For the record–here’s the best argument I’ve gotten against overhyping the Obama science of voter control: OH was much closer than either his or Romney’s “internals” showed. Plus there was a strangely low turnout of rural, white, mainly evangelical voters in that state. A strong turnout there of such voters (which Romney must have pretty reasonably expected and Obama feared) would have turned the state.

As Olsen pointed out, Romney had reason to believe that his OH strategy was failing, just as Obama thought his firewall was solid. That’s why Romney was scoping out PA etc. in a kind of desperation. Anyone with any brains knew that the PA mirage was fooling Republicans yet again, and Obama wasn’t particularly worried, given the mega-margin he was going to get in Philly.

OH was much more in play than both sides thought. In general, the low evangelical white turnout across the country–lower than both sides expected perhaps–has yet to be adequately explained. Some, such as Steve Hayward, have mentioned the word Mormon–not as a strong factor, but strong enough to keep enough evangelicals home. Others, maybe more plausibly, fall back on the scientific success have Obama’s negative campaigning against the plutocrat that’s not one of us, campaigning Romney apparently thought he didn’t have to counter all that much.

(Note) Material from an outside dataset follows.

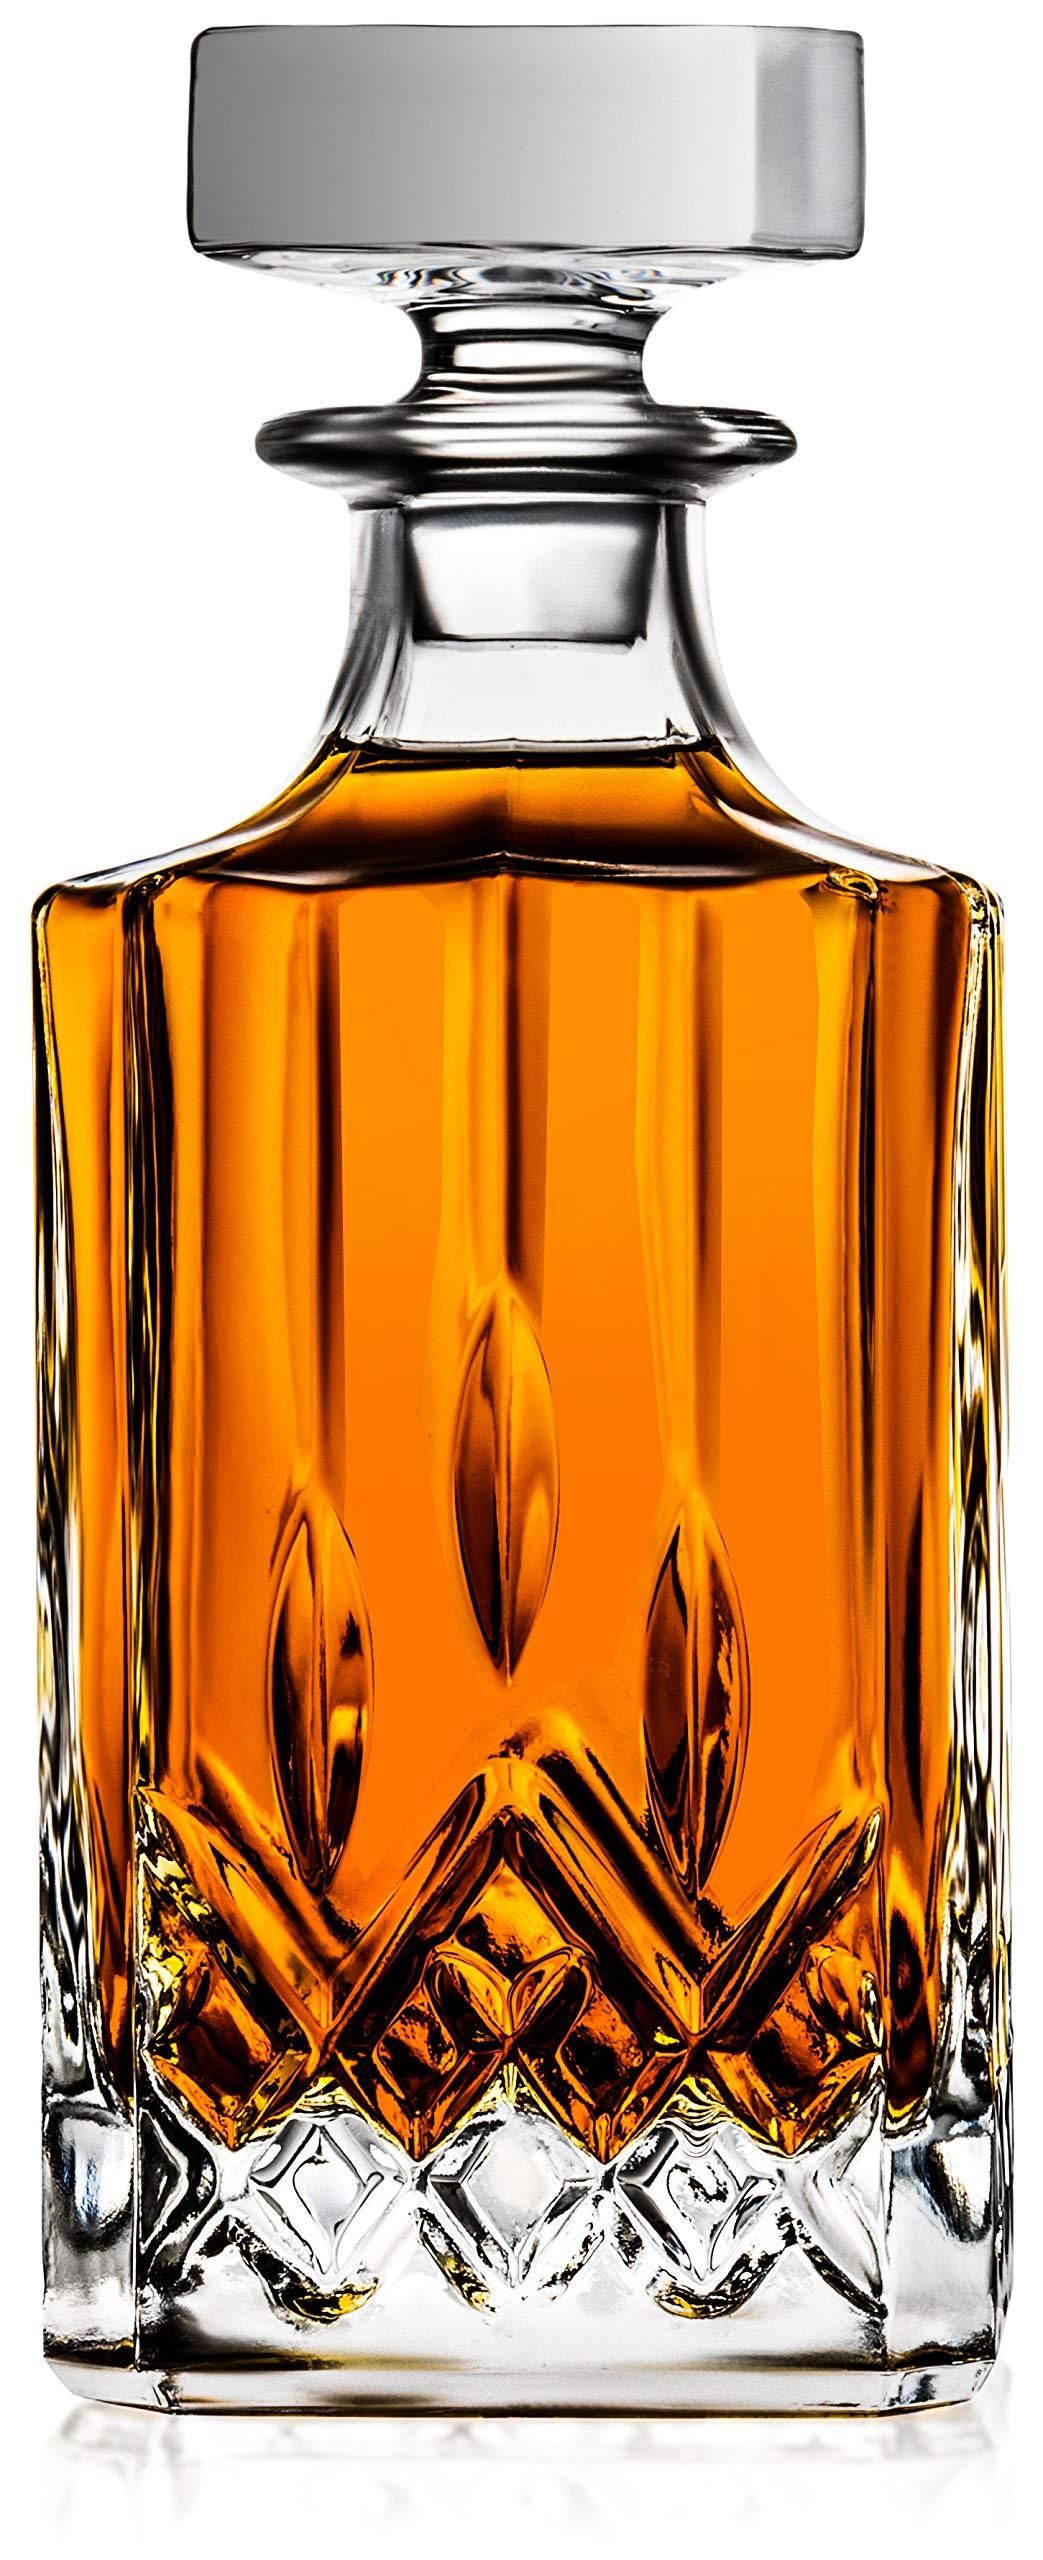 Crystal Decanter Liquor Whiskey Scotch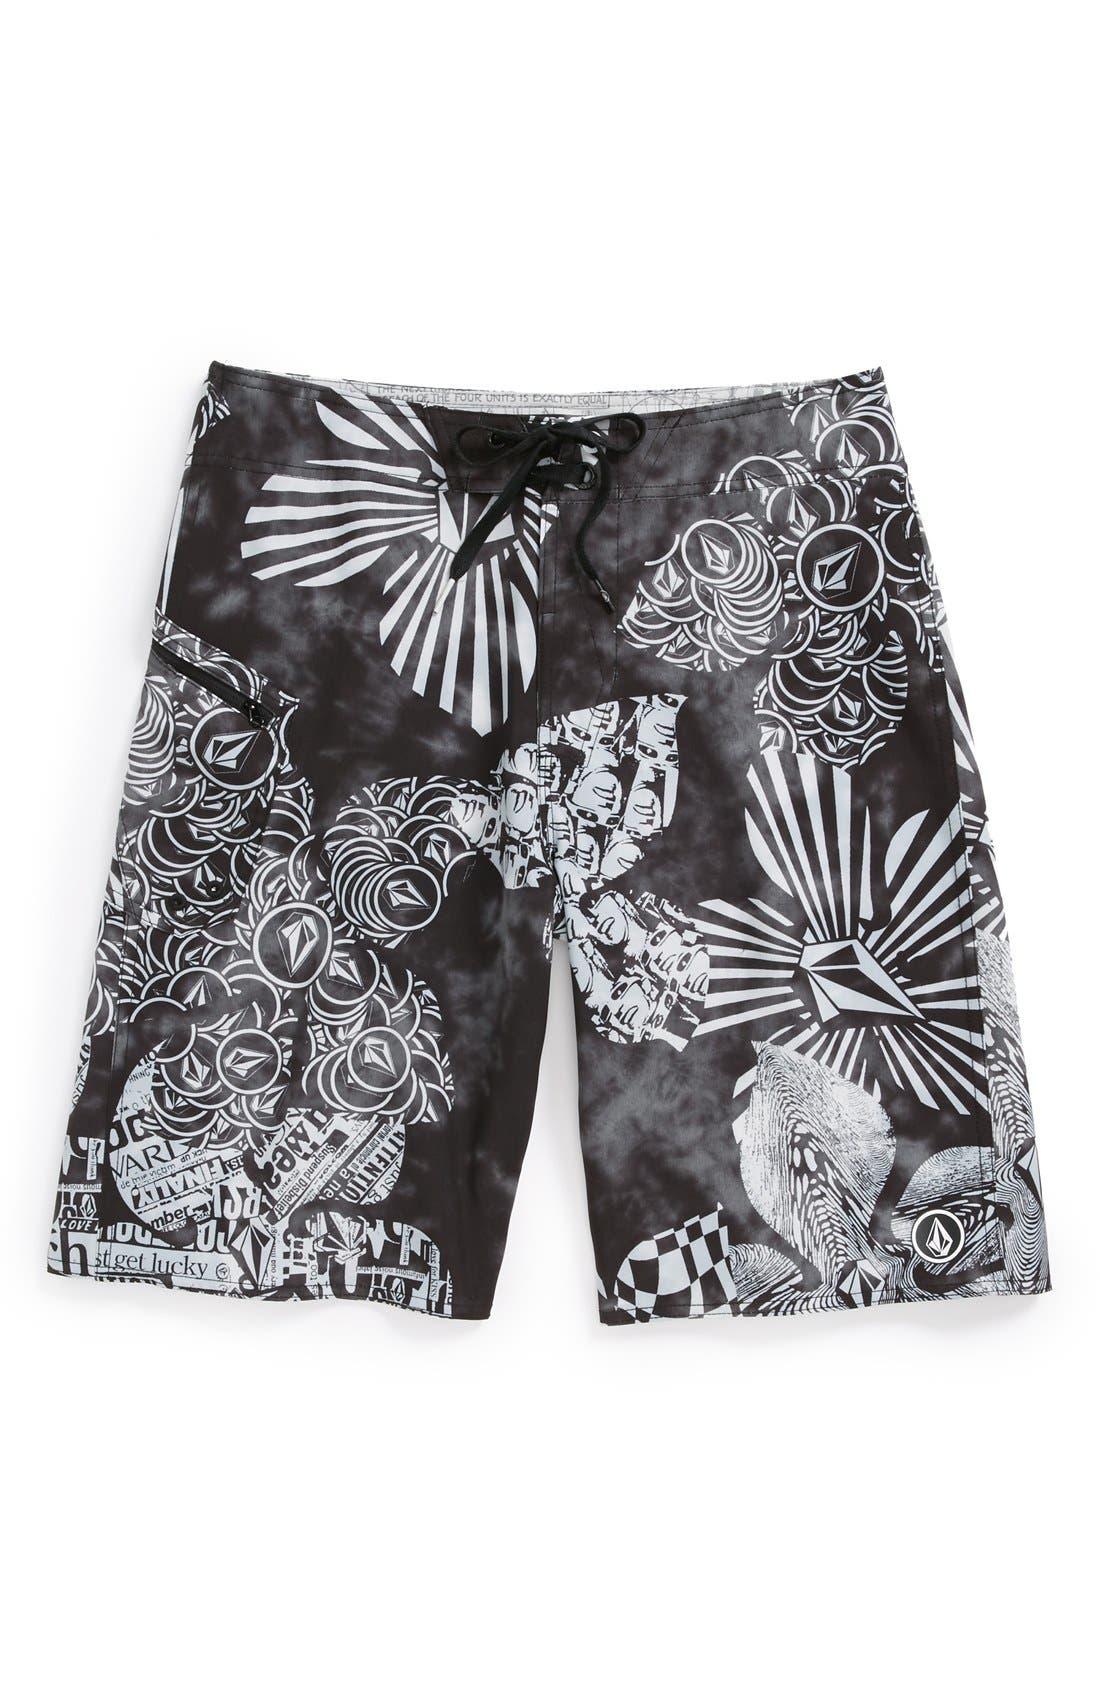 Alternate Image 1 Selected - Volcom 'Lido Weedo' Board Shorts (Little Boys & Big Boys)

And we can say, with Olsen, that Romney needed a strategy to attract white, nonevangelical, blue-collar, mainly union men in the MIDWEST. He could have trumpeted that, although he was against public-employeee unions, he was more than okay with the proudly American industrial unions. And he could have been more clear about how his aim was to mend—not end—the system of entitlements and safety nets on which Americans had come to depend.

Obama’s negative campaign amounted to this guy wants to destroy what had made the working man middle class. It’s not Obama’s genius that deprived Romney of a strategy to counter that negative campaigning.

We can also mention that Romney left the evangelical turnout largely to chance—to volunteers not under his supervision. Obama wouldn’t have done that.

Speaking of chance, I may also, as the thread below suggests in a couple of places, be underestimating the impact of Romney’s bad luck—beginning with Sandy—near the end of the race. I admit that exit polls suggest that Sandy did help the president significantly.

I don’t think Sandy helped him enough to have turned defeat into victory, but probably enough to give him the now very noticeable popular vote margin. That means, I hasten to add, that Nate Silver’s hyper-accuracy was more lucky than strictly scientific.

It goes without saying that these are the uninformed speculations of an amateur intended to provoke discussion.